Ryan Giggs patrolled the left flank for United for more than two decades, but a century ago that was George Wall’s job.
The Geordie was the outstanding left winger in the club’s first great era and accrued four medals in a ten-year career with United, before World War I disrupted his career.
Wall played for a number of clubs in his native North-East before getting his big break with Second Division side Barnsley. His performances caught the eye of United scouts and in April 1906 Wall moved from Yorkshire to Lancashire.
At that time United were in the running for promotion to the Football League’s top flight and Wall’s craft, guile and goals secured second spot and guaranteed promotion.
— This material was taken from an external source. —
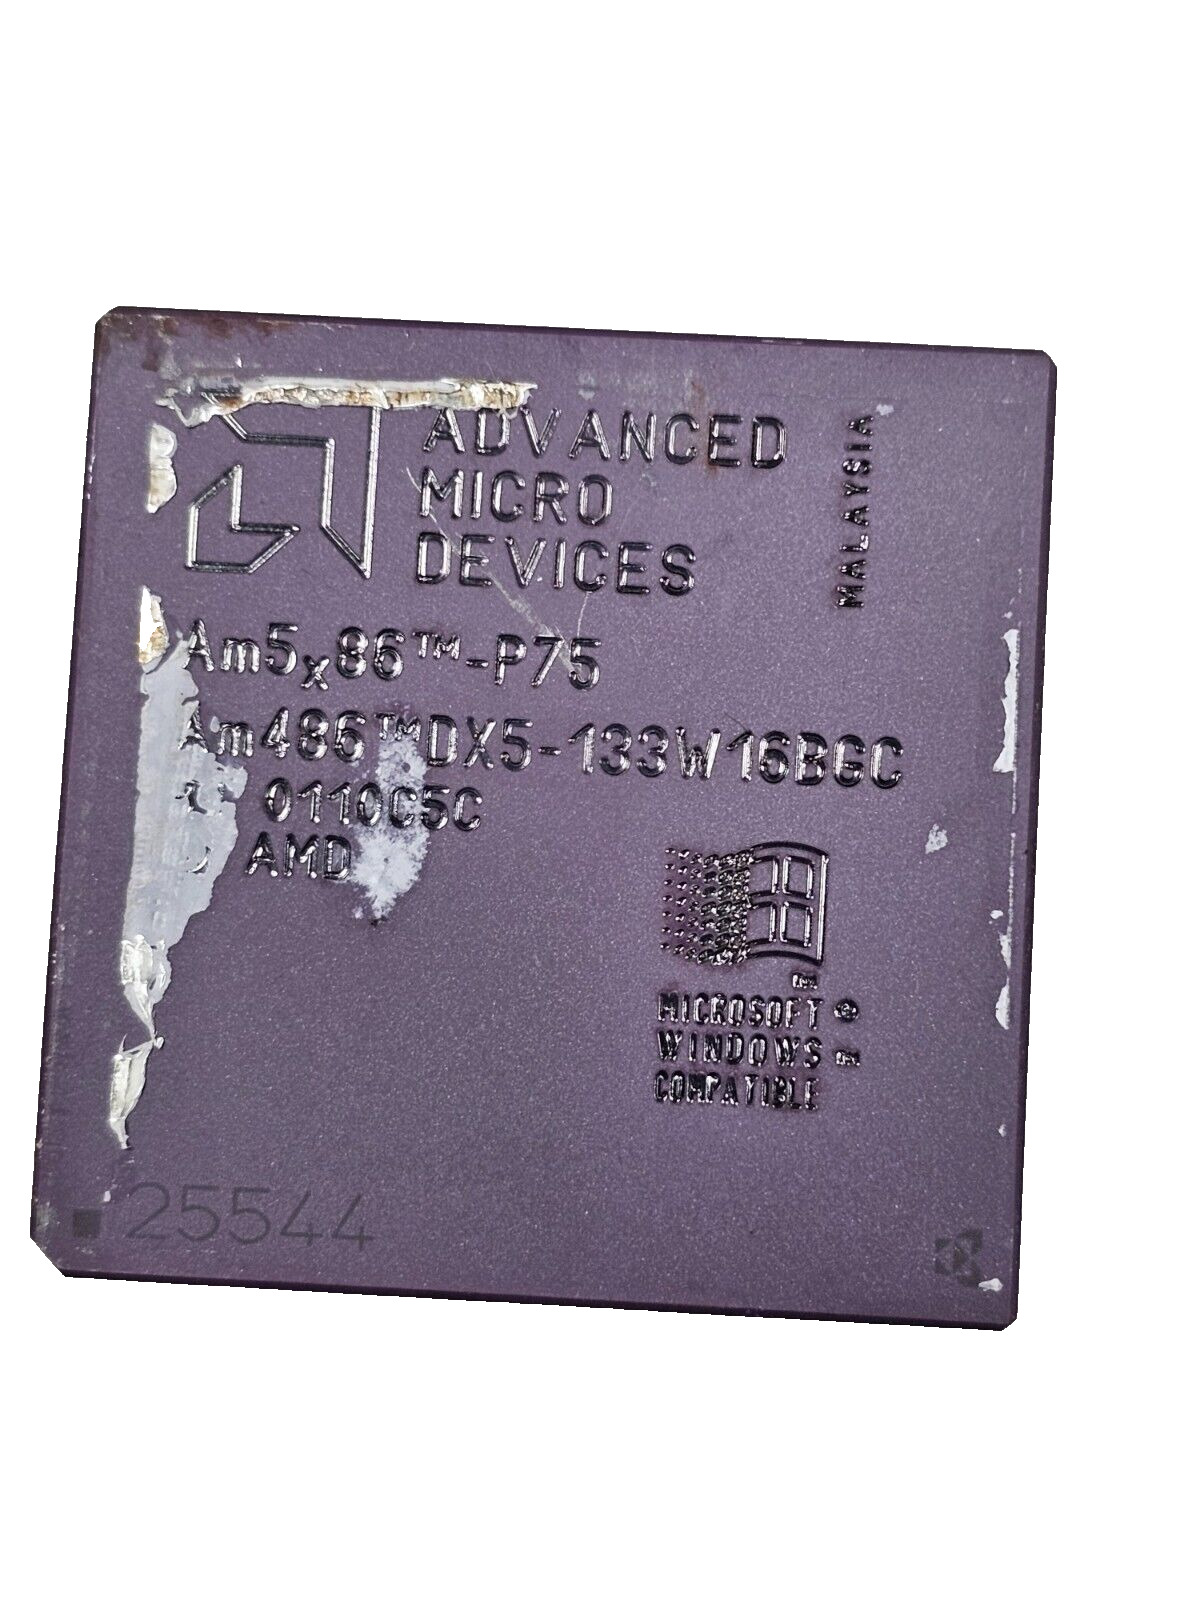 AMD Am486DX5-133W16BGC Am5x86-P75 486 DX5 133 3,45V Vintage CPU GOLD

His debut goal against Clapton Orient gave United fans a taste of things to come.
The 1906/07 season saw Wall make the left-wing spot in the team his own, not missing a single game and ending the campaign as the club’s top scorer with 11 goals.
He improved even further the following year, missing just two games and scoring a remarkable 19 goals as United won the First Division for the first time. He was on the scoresheet in the first ever Charity Shield match as United crushed Queen’s Park Rangers 4-0.
The following season saw a dip in the club’s league form but memorably provided an FA Cup winners’ medal for Wall. He was also part of the team that won the league for the second time in 1911 and continued at United for four more years before the First World War brought an end to his United career.
It wasn’t to herald the end of his football career though. After the War, Wall signed for Oldham and went on to play for four more clubs before bringing his career to a close back in Manchester in 1927, playing for Manchester Ship Canal FC.